Entre os quatro episódios de 90 minutos vemos exatamente como Rory não mudou, ela que poderia ter um futuro brilhante está em um período complicado por se sentir especial demais para o mundo, enquanto Paris permanece persistente e com os pés no chão, algo que falta na vida da protagonista. Os dramas são os mesmos, e as famosas quatro últimas palavras que esperamos tanto tempo ouvir decepcionaram. Era só isso? Acabou? Não há mais nada para ser dito Rory?
Terminar com “Mãe.” “Sim.” “Estou grávida.” foi a ideia que a criadora teve desde o início, antes mesmo do piloto ser gravado. De certa forma as quatro palavras chegaram no momento certo, nove anos depois do final da sétima temporada, quando esperávamos nos deparar com uma Rory mais madura. Mesmo não sendo o que acontece, sabemos que não teria graça ter sido na sétima temporada, essa sendo a mágica do especial.
Um detalhe que não pode ficar de fora é o roteiro. Alexis e Lauren tiveram que fazer aulas para pegar o ritmo acelerado das personagens e soltar todas as referências da cultura popular que eram possíveis. Cada cena é um bingo de referências, e o texto geralmente tinha o dobro de páginas comparado a qualquer outra série com episódios de 40 minutos, levando em média oito dias para ficar pronto. Talvez a demora fosse porque os atores deveriam seguir à risca sem improvisar nenhuma fala.
Falando em bastidores, Lorelai e Rory sempre eram vistas tomando muito café em xícaras e copos gigantes, contudo, curiosamente a atriz Alexis Bledel odiava a bebida e a produção colocava refrigerante para ela. Já Lauren Graham revelou em entrevista ao The Late Show with Stephen Colbert que sempre havia café no seu copo.

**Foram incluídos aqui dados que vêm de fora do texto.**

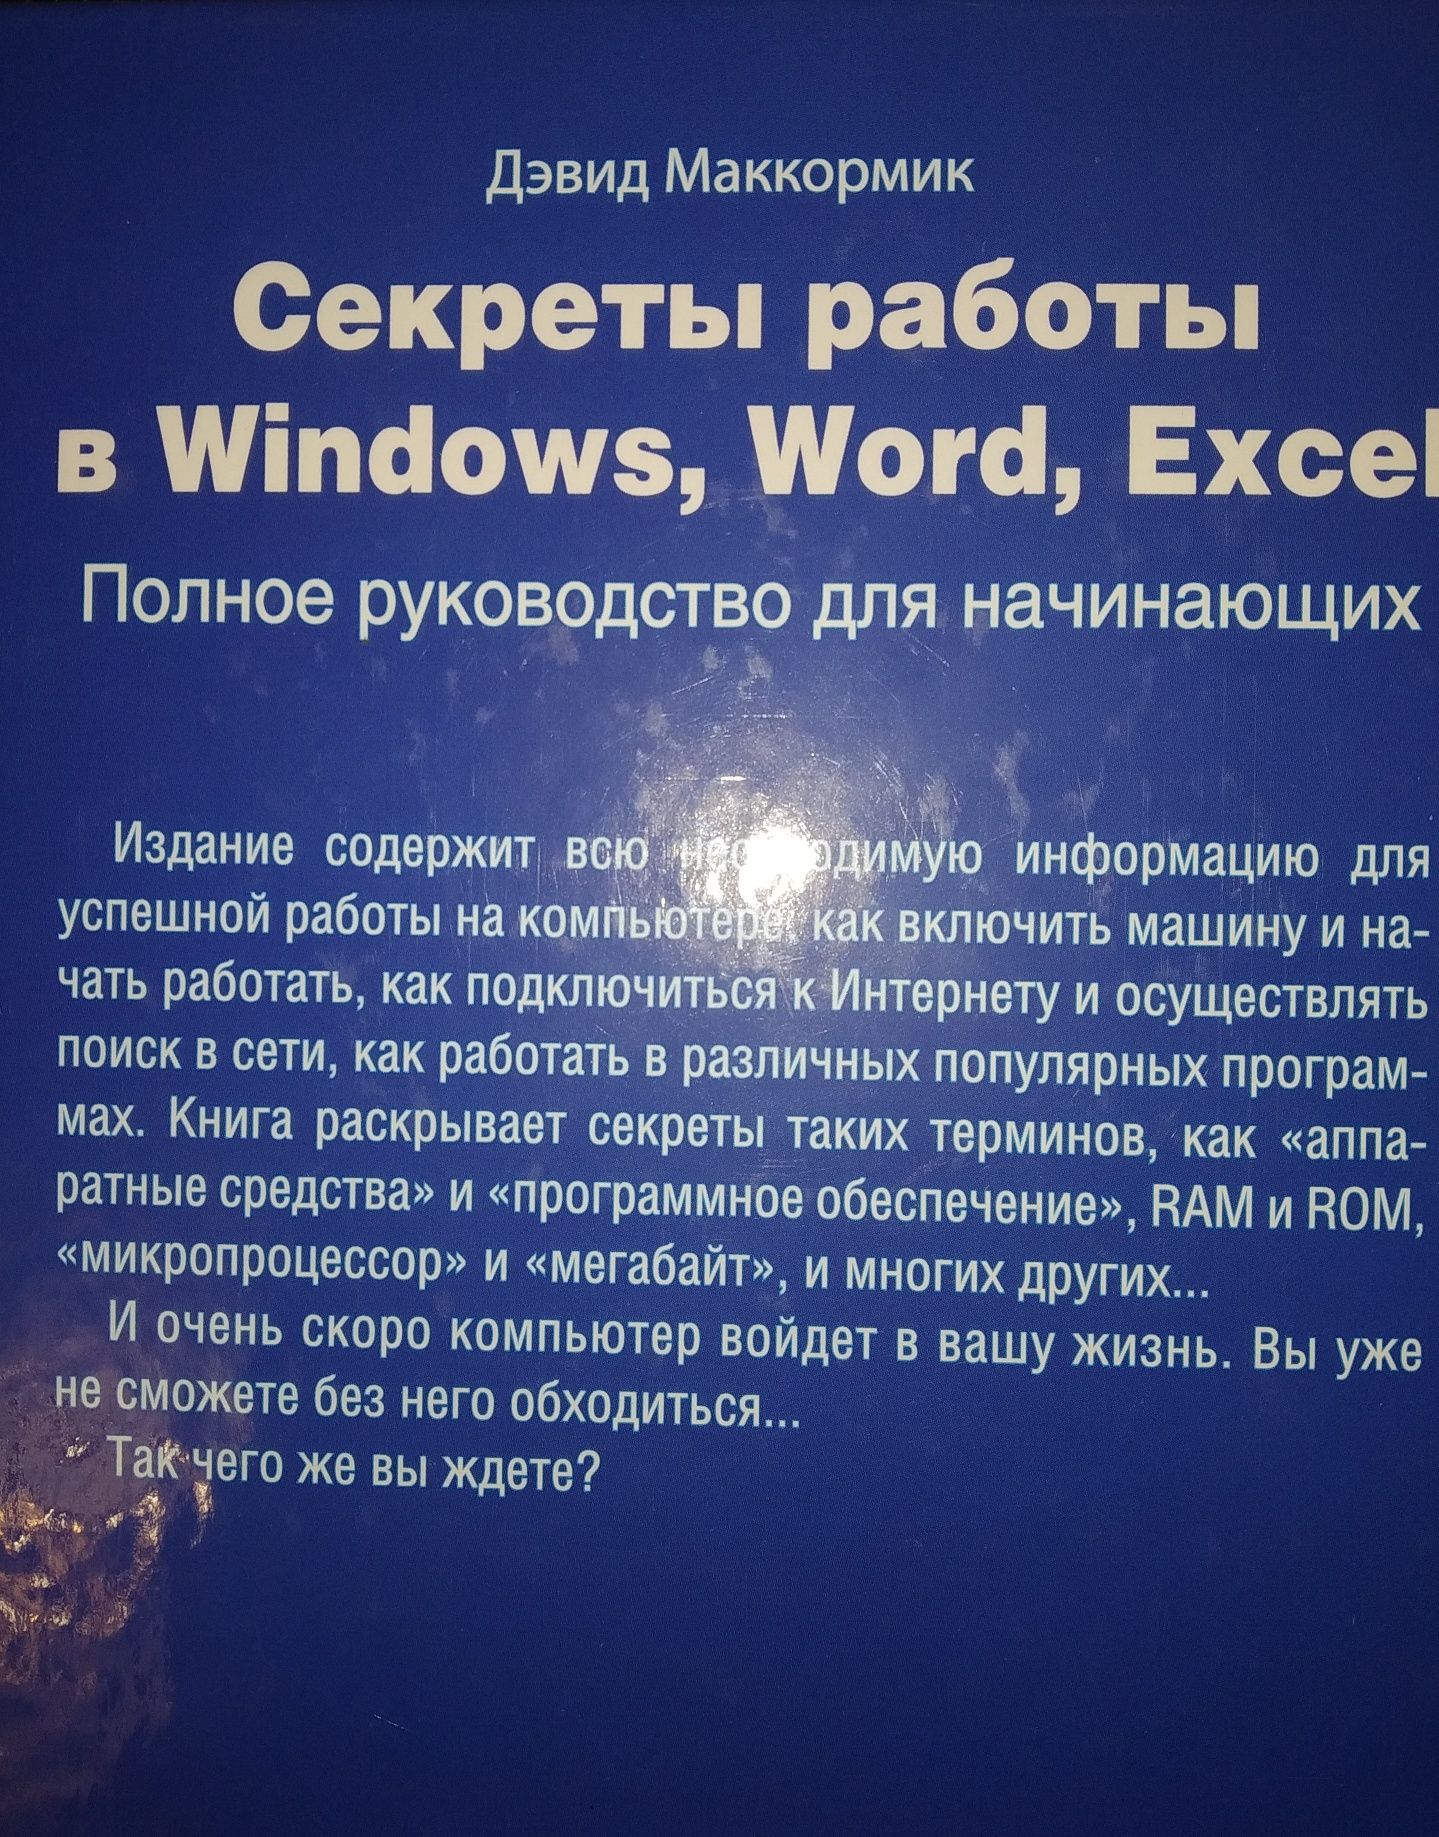 "Секреты работы в Windows, Word, Excel".

Falando em Amy Sherman-Palladino, ela conquistou o público com outra série recentemente. A comédia The Marvelous Mrs. Maisel (A Maravilhosa Sra. Maisel) que estreou em 2017 no streaming Prime Vídeo tem conquistado a crítica e milhões de telespectadores pelo mundo, ganhando diversos Emmys. A série prova mais uma vez que a roteirista domina a arte do entretenimento.
Por fim, Gilmore Girls não tenta ser fiel a realidade, mas sim nos tirar dela. É a série perfeita para desfocar do mundo real e seus problemas e entrar nos dilemas bobos de mãe e filha, e isso talvez seja a isca da série que continua pegando milhares de fãs pelo mundo, mesmo 20 anos depois de ter sido lançada.